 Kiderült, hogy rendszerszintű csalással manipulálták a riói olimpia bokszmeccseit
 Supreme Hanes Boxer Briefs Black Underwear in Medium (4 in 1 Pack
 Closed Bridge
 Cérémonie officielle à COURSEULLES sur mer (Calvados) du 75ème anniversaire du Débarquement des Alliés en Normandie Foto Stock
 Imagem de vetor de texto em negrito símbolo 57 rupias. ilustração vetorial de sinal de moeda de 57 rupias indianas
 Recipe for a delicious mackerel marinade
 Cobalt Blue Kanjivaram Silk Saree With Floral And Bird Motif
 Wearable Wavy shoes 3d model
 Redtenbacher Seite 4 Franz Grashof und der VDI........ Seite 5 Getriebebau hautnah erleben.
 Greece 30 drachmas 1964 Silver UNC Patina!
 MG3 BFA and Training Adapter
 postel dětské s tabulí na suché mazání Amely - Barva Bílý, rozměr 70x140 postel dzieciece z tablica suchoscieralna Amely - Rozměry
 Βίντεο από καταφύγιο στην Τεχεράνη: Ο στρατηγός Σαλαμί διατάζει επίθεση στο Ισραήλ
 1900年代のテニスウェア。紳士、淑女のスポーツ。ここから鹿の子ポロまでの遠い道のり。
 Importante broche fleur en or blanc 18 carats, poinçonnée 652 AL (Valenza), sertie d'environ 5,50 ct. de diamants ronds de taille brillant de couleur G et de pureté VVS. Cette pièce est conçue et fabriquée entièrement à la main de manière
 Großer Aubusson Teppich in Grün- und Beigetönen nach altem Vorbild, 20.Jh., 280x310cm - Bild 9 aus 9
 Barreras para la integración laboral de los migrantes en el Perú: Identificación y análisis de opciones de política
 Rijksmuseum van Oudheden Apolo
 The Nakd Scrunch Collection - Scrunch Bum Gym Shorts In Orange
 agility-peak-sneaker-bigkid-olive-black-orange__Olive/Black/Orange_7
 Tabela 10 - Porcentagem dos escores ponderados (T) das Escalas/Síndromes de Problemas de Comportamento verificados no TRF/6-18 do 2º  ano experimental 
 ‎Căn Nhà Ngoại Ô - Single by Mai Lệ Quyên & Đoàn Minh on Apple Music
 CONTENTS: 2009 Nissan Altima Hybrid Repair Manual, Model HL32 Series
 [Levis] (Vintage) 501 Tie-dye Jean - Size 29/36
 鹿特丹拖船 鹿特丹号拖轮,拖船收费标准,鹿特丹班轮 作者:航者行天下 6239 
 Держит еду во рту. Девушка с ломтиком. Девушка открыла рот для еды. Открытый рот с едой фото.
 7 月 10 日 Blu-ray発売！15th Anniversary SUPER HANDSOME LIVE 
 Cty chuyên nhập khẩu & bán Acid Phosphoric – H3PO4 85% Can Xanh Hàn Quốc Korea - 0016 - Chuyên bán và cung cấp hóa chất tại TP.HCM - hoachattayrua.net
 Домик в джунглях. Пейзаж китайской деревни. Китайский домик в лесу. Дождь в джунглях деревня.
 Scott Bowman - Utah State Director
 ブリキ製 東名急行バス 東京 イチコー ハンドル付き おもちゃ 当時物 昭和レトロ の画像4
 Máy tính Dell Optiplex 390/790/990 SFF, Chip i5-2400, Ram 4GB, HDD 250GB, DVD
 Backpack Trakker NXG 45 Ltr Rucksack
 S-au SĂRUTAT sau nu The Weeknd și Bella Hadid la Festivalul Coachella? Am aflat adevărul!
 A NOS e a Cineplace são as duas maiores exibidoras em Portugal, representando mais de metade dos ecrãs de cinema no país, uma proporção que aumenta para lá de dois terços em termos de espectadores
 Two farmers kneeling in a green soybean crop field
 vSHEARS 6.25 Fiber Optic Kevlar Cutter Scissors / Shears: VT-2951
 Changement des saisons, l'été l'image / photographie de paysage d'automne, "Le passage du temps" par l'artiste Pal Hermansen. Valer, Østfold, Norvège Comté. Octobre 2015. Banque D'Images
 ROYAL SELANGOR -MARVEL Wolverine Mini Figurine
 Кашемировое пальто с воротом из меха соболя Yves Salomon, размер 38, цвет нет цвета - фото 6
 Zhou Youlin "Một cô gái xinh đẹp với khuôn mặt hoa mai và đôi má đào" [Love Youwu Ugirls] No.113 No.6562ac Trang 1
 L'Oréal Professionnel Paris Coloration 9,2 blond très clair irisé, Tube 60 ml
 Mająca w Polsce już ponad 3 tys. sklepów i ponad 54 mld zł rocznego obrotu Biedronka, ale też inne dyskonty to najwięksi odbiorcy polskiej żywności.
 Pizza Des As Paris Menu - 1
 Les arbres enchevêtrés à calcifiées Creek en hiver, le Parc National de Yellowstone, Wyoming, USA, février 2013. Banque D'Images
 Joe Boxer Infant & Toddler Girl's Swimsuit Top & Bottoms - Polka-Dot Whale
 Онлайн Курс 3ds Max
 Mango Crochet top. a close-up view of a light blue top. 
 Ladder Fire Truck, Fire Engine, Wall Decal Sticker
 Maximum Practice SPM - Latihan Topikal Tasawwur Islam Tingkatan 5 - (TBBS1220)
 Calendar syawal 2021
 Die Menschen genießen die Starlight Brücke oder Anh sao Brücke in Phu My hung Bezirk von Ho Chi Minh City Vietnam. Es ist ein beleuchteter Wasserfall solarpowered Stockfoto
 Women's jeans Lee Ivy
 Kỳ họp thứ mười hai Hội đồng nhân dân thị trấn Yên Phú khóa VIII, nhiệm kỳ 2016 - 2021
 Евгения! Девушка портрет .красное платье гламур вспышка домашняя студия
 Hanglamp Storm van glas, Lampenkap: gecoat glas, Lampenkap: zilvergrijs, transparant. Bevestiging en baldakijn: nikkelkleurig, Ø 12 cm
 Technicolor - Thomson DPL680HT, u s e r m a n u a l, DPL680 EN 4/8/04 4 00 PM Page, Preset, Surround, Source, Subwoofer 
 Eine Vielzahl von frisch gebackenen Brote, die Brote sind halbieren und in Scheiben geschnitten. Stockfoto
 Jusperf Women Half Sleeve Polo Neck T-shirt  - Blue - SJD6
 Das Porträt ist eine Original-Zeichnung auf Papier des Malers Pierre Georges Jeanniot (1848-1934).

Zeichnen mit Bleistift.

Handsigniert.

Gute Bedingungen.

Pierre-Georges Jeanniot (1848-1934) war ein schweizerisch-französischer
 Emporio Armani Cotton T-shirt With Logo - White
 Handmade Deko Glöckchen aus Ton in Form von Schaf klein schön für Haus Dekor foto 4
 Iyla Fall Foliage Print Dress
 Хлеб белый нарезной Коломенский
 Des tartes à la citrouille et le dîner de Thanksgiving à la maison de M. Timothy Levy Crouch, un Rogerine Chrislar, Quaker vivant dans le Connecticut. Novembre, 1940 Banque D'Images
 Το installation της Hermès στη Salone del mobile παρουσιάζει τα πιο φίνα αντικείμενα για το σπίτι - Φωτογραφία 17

• **Task to carry out**:
Set down exactly, and only, the lines of the data above from the line containing "Gute Bedingungen." through the last one.

• **Result**:
Gute Bedingungen.

Pierre-Georges Jeanniot (1848-1934) war ein schweizerisch-französischer
 Emporio Armani Cotton T-shirt With Logo - White
 Handmade Deko Glöckchen aus Ton in Form von Schaf klein schön für Haus Dekor foto 4
 Iyla Fall Foliage Print Dress
 Хлеб белый нарезной Коломенский
 Des tartes à la citrouille et le dîner de Thanksgiving à la maison de M. Timothy Levy Crouch, un Rogerine Chrislar, Quaker vivant dans le Connecticut. Novembre, 1940 Banque D'Images
 Το installation της Hermès στη Salone del mobile παρουσιάζει τα πιο φίνα αντικείμενα για το σπίτι - Φωτογραφία 17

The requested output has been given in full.